What, then, is the solution? Simplify, simplify, simplify.
The experimental physicist Ernest Rutherford (1871–1937) is said to have claimed that an alleged scientific discovery has no merit unless one can explain it to a barmaid [[i]]. Albert Einstein (1879–1955) is alleged to have said, “If you can’t explain it simply, you don’t understand it well enough” [[ii]]. In the version attributed to physicist Richard Feynman (1918–1988), you don’t really understand something unless you can explain it to a sixth grader. If an intriguing idea can be presented in a simple enough fashion, not only does that indicate understanding, but also allows the idea to reach a large audience minimally encumbered by any pre-existing biases. Figure 1.7 shows these scientists.
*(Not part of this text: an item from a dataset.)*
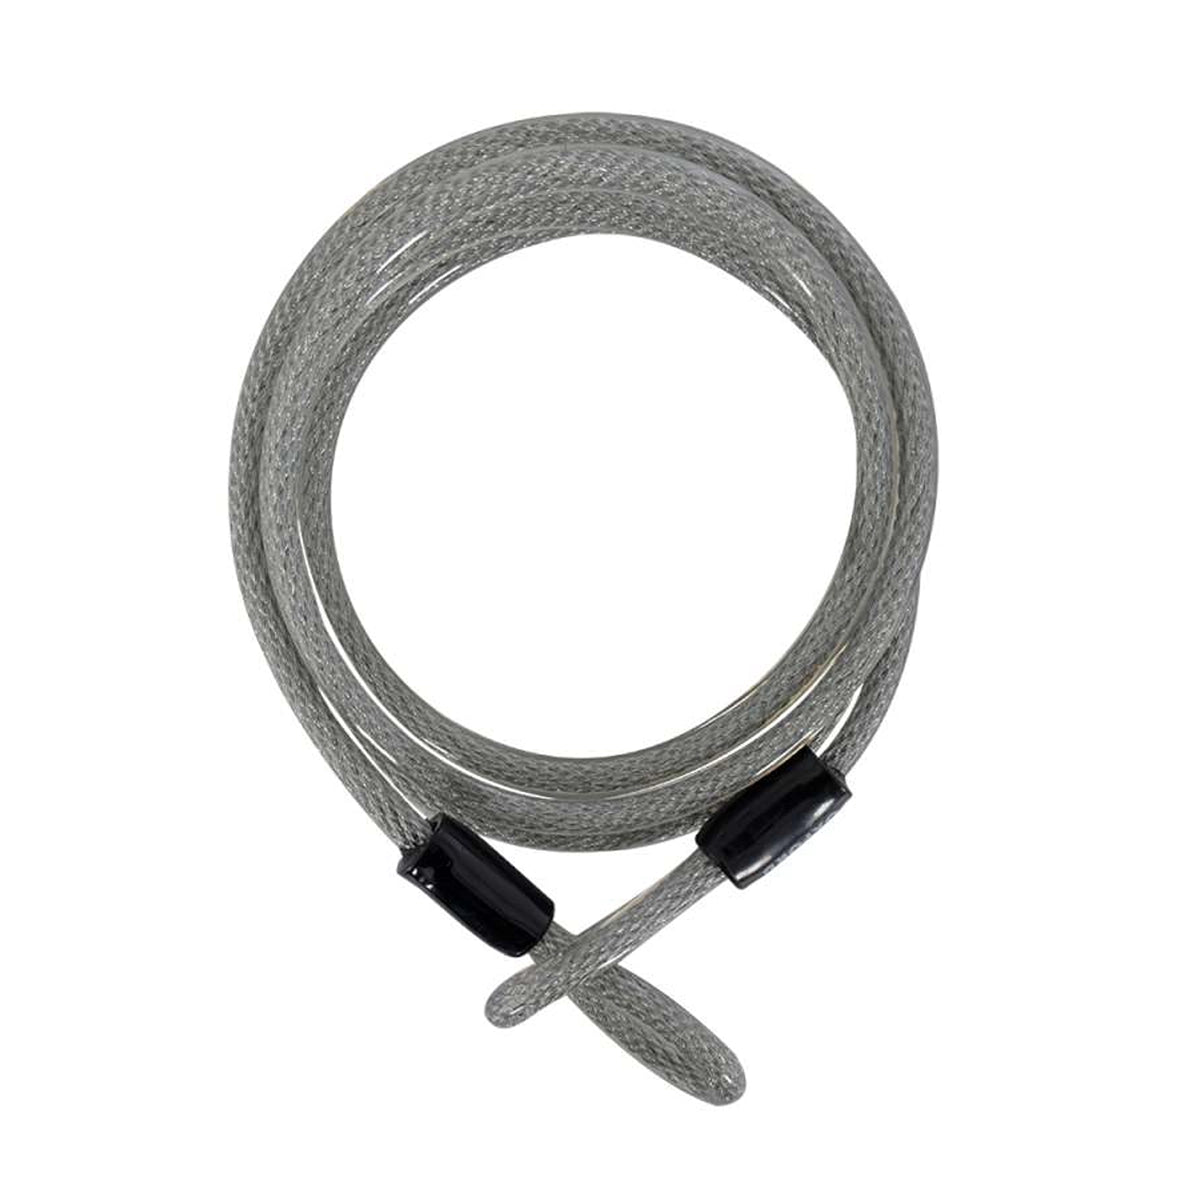 SAS LockMate 2500 x 12mm Steel Braided Cable

This book aims to be understood by a lay reader with no more than a basic comprehension of physics. Do you know that energy is the capacity to do work? That work is a force applied over a distance? That charges give rise to electric fields and moving charges or currents give rise to magnetic fields? If you understand these basics, you’re all set. Understanding basic principles like these will help you take full advantage of what this book has to tell you. Even without that background, you should still be able to get a great deal out of it.
With a greater understanding of physics will come a greater appreciation of the concepts, although accompanied by a greater risk of rejection for emotional reasons. Readers may judge for themselves where they fall on this continuum.
If simplification is the goal, what then are the means?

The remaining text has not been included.